I also get thousands of emails from people who may not go through something like that, but say that “I used to hate people like you, but now I know that maybe that would push them further down that road, and I want to show them some compassion.” Although I also get those emails that call me a “Jew-lover” and a “race traitor,” so, you know.
If it’s any consolation, I get those emails too.
You’re a journalist, so I’m sure you do, man.
So the book is out, you’ve already helped get Life After Hate off the ground — what’s next?

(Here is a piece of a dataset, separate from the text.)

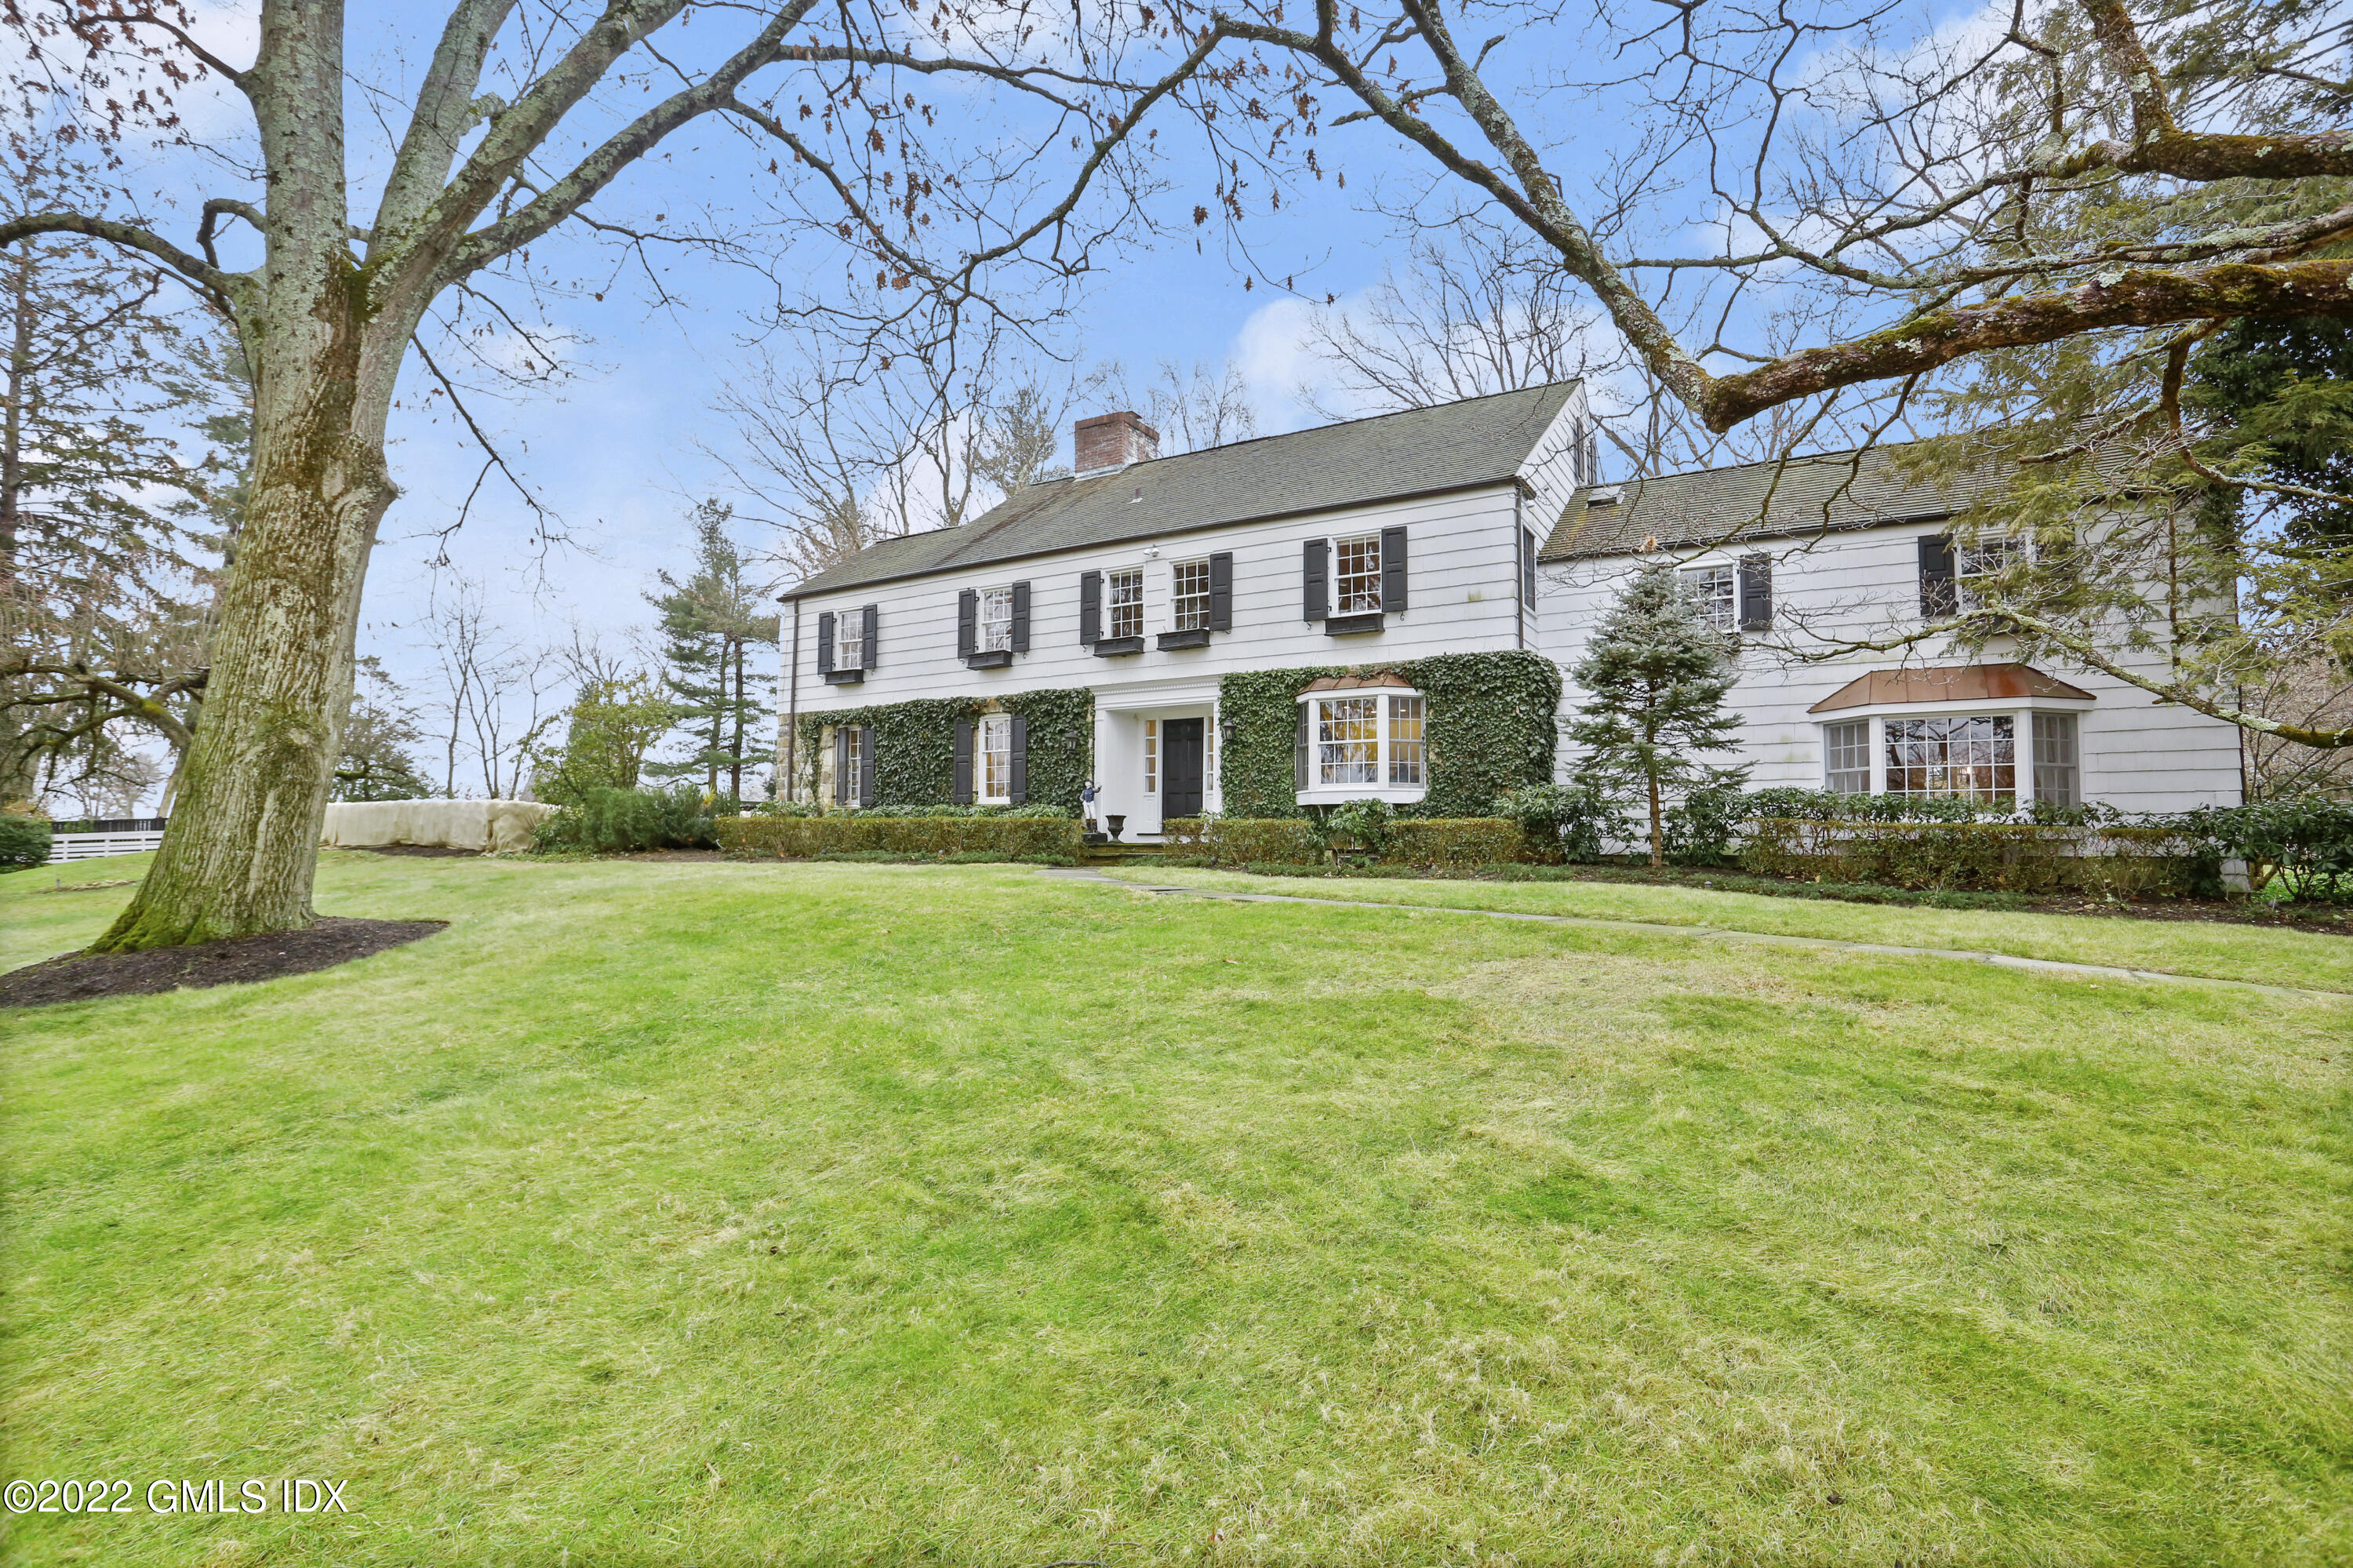 508 Round Hill Road, Greenwich, Connecticut - 6 Bedrooms  
5 Bathrooms -

I’ve been pursuing this global intervention network, been traveling the world, speaking, meeting nonprofits to help people disengage. I’m very passionate about creating a larger collaborative platform, helping serve people more — and not just about the far-right. I’ve spoken to Muslim groups in Norway, Syrian groups in Stockholm, all over the world. It isn’t specific to a far-right problem. It’s a kind of a vicious cycle — and unfortunately we’re now developing this attitude in society where we’re trying to counter it sometimes in language and actions that even unknowingly help it grow.
Turning back to the U.S., it seems like everything changed in 2016 — or maybe didn’t change, per se, so much as this world came rushing out that we’d ignored for years. How do you see 2016, the discourse surrounding the election, the types of groups that gained all this prominence over the past two years?
It’s as if we lifted up a rock in the park and recognized that there are all sorts of creatures crawling underneath. Just because we couldn’t see them didn’t mean they didn’t exist. The election allowed this light to shine. It’s like we kicked a bucket of gasoline over and ignited all the sparks. We thought we were living in this post-racial society, when in fact we were just closing our eyes and sweeping it under the rug. This is something that always existed, but the election was the kind of rocket fuel that it needed, and talking about anti-immigration, or the wall, or a Muslim ban, these were all things we talked about in the neo-Nazi movement. But now they’ve taken that message and made it more palatable, and are using fear rhetoric to get people to support racist policies.
These groups, they’ve been growing in my lifetime for the last 30 years. And now we have “white nationalism” and the “alt-right” — they’ll call themselves that, but they’re white supremacists. And when we say “alt-right,” we’re using their terms. We used to call ourselves “white pride” back then, because who would have a problem with pride?
But, you know, we had a strategy back then, because we recognized that our edginess, our tattoos, our swastika flags, they were turning people away who we really wanted to recruit. We decided we were going to blend in, that we had to start to normalize ourselves, and go to college, and get jobs in law enforcement, in the military, all these things to sound and act and look like the people we wanted to recruit. And that effort kind of pushed the boulder down the hill.
This interview has been edited and condensed for clarity.